The Verdict: To return to an earlier point, the best of A Star is Born is found in some of its most minute episodes. Jackson shares a hungover interlude of comfort with his next-door neighbor (Dave Chappelle), and Cooper the director offers a window into how unnaturally charismatic even the sloppiest rock stars are, and why the people who know them best usually seem to take a kinder hand.

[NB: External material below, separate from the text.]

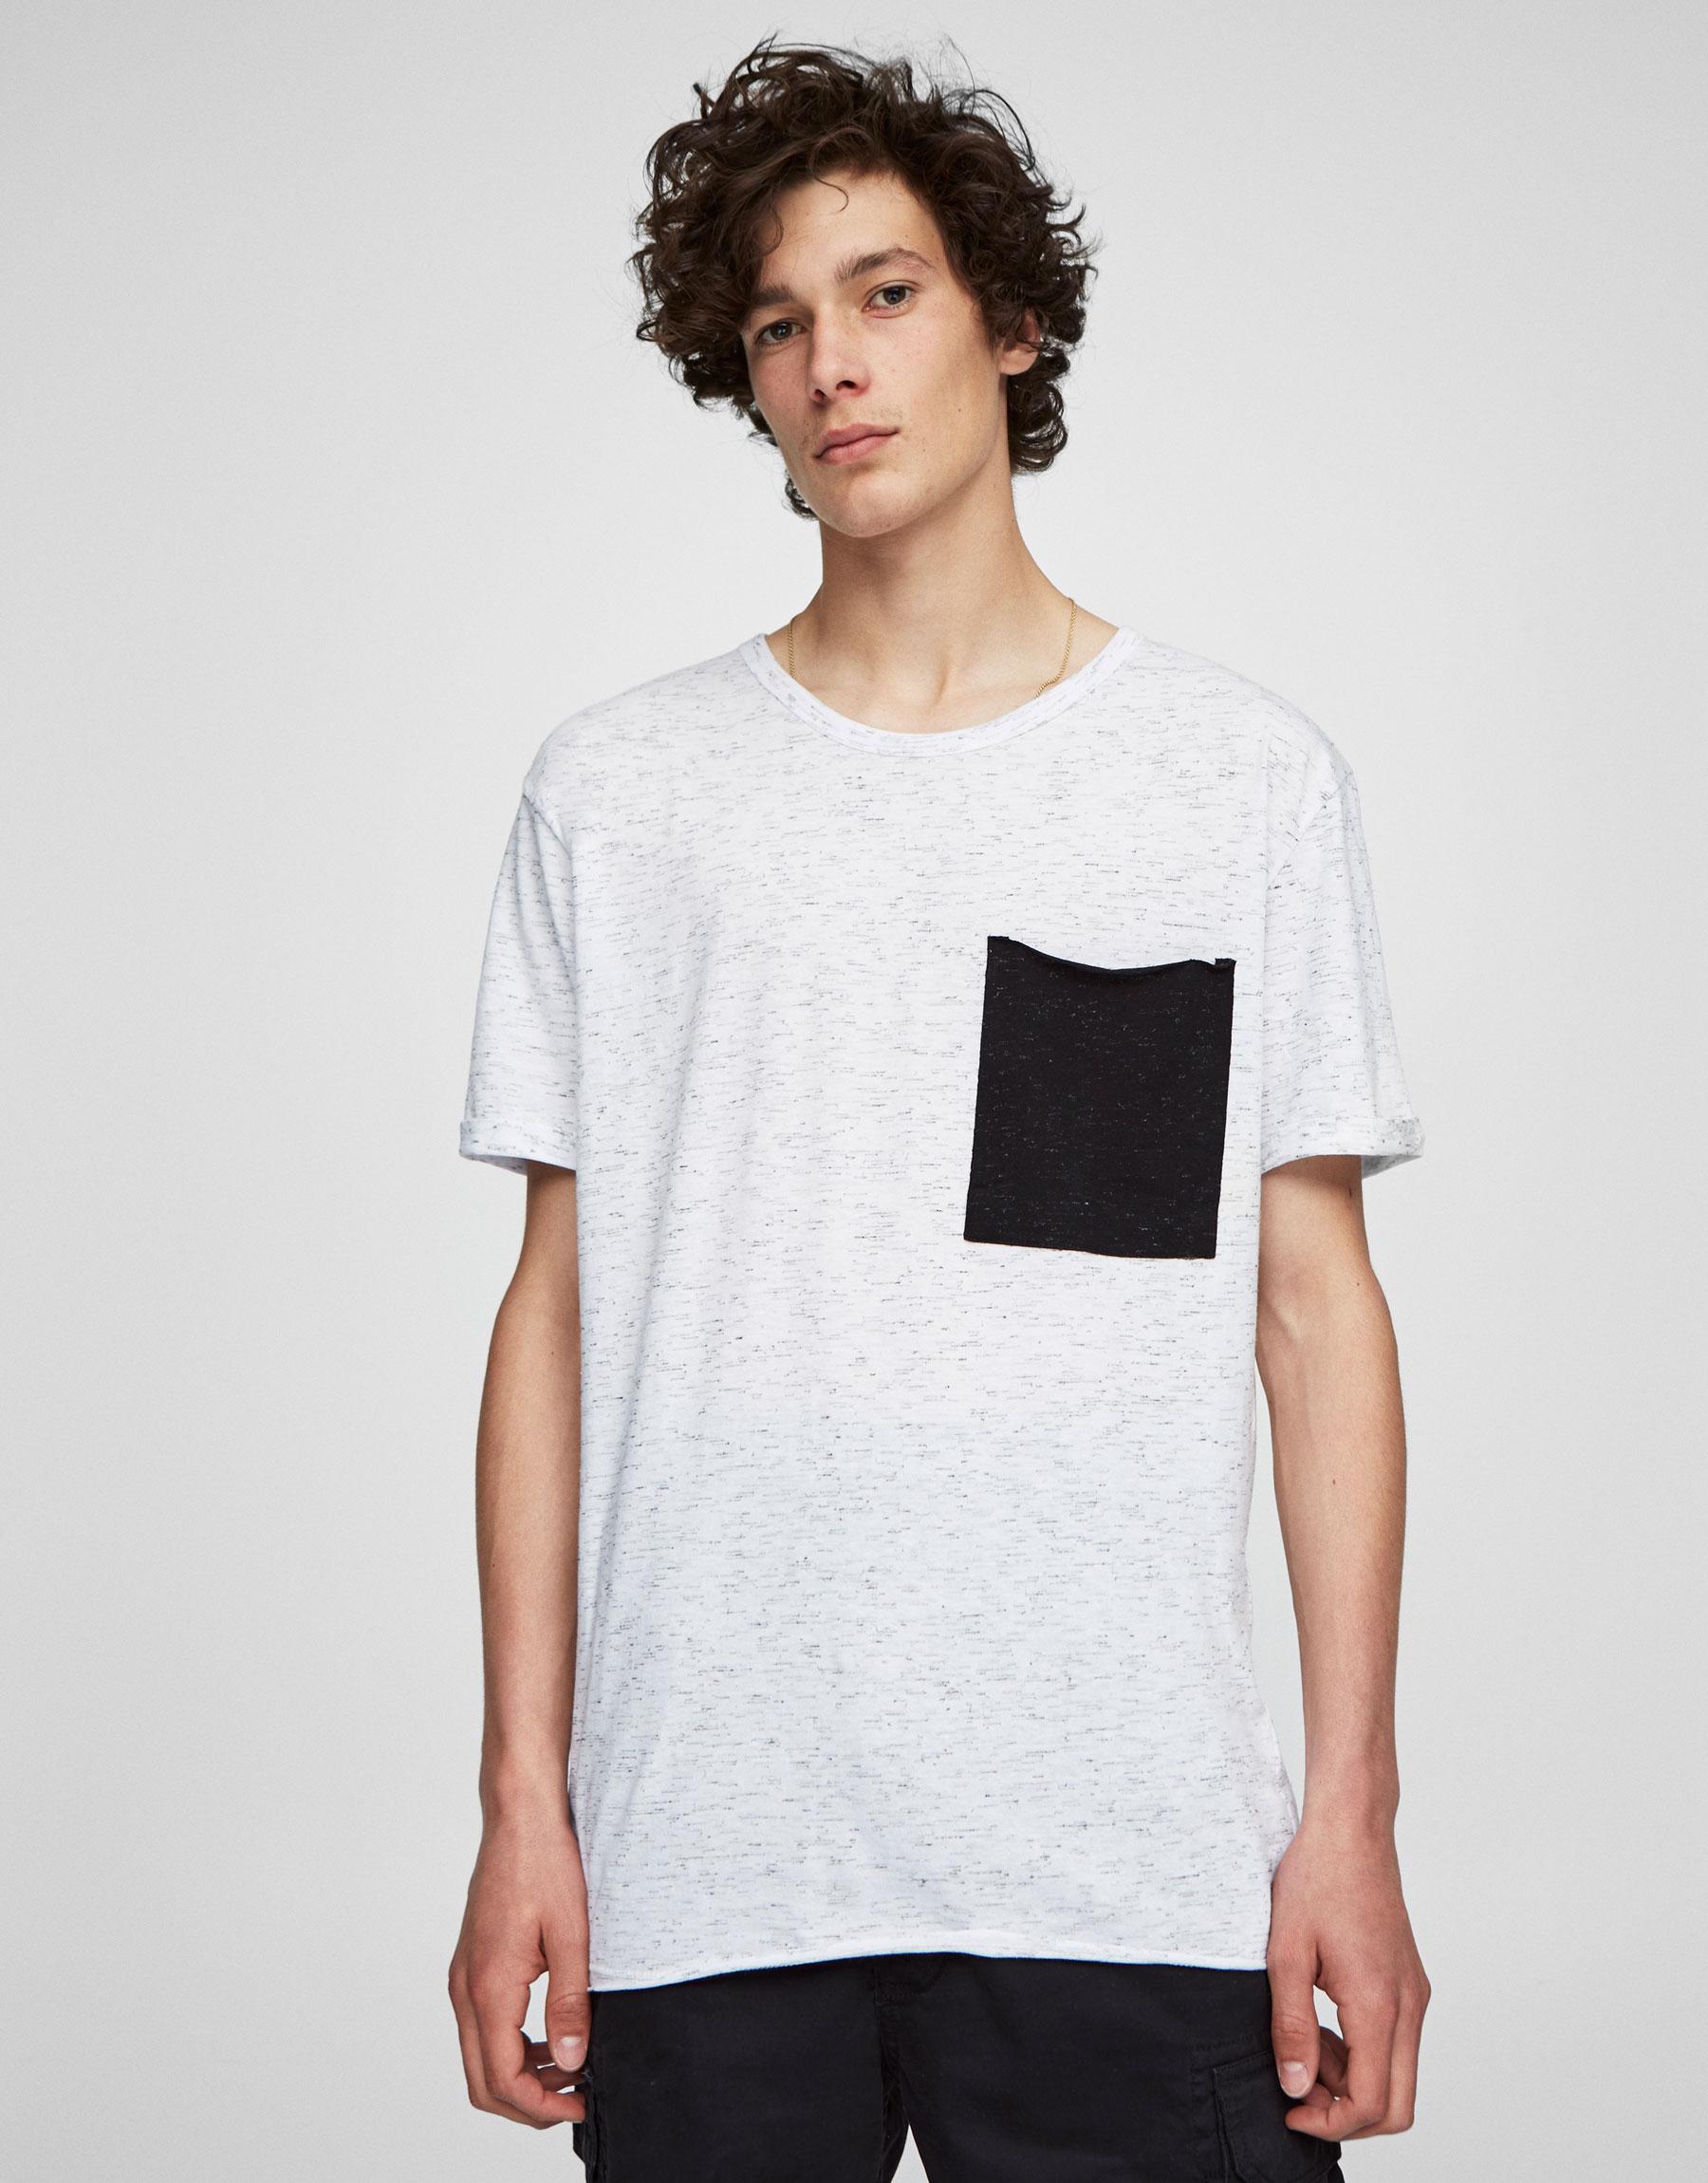 Camiseta bolsillo contraste

Ally helps Jackson’s embattled brother/roadie Bobby (Sam Elliott) drag him into bed after he drinks himself unconscious, and they share a knowing exchange about the magnetism of his talents, even as both remain aware that he’s burning every candle at every end. A Star is Born is refreshingly unsentimental about what a come-up in the entertainment industry looks like, and while Jackson occasionally begins to read like a Walk Hard-level caricature of a troubled artist, the film carries itself knowingly when it comes to lingering over the things people force themselves to do, just for the sake of maintaining comfortable illusions.

There’s an emotional gravity to A Star is Born that goes a long way toward both setting it apart from its predecessors and situating it as one of the substantial modern studio love stories. Like many of the great ones, it’s messy, preoccupied with opportunities for showy displays of actorly craft. But also like many of the great ones, its stars generate the kind of chemistry that can’t be faked onscreen. Cooper may be playing to the back of the house, but he’s visibly giving it every fiber of his being every time he’s onscreen. Gaga may naturally radiate star quality, but she dials it back to deliver a performance that’s all jangled nerves and jaw-dropping vocal delivery. A Star is Born isn’t a new love story, or even an especially unique one. But it’s a traditional love story told supremely well, and sometimes that’s exactly what audiences go to the movies to see.

Where’s It Playing?: A Star is Born is opening wide around the country and kicking off Oscar season in earnest this Friday, October 5th.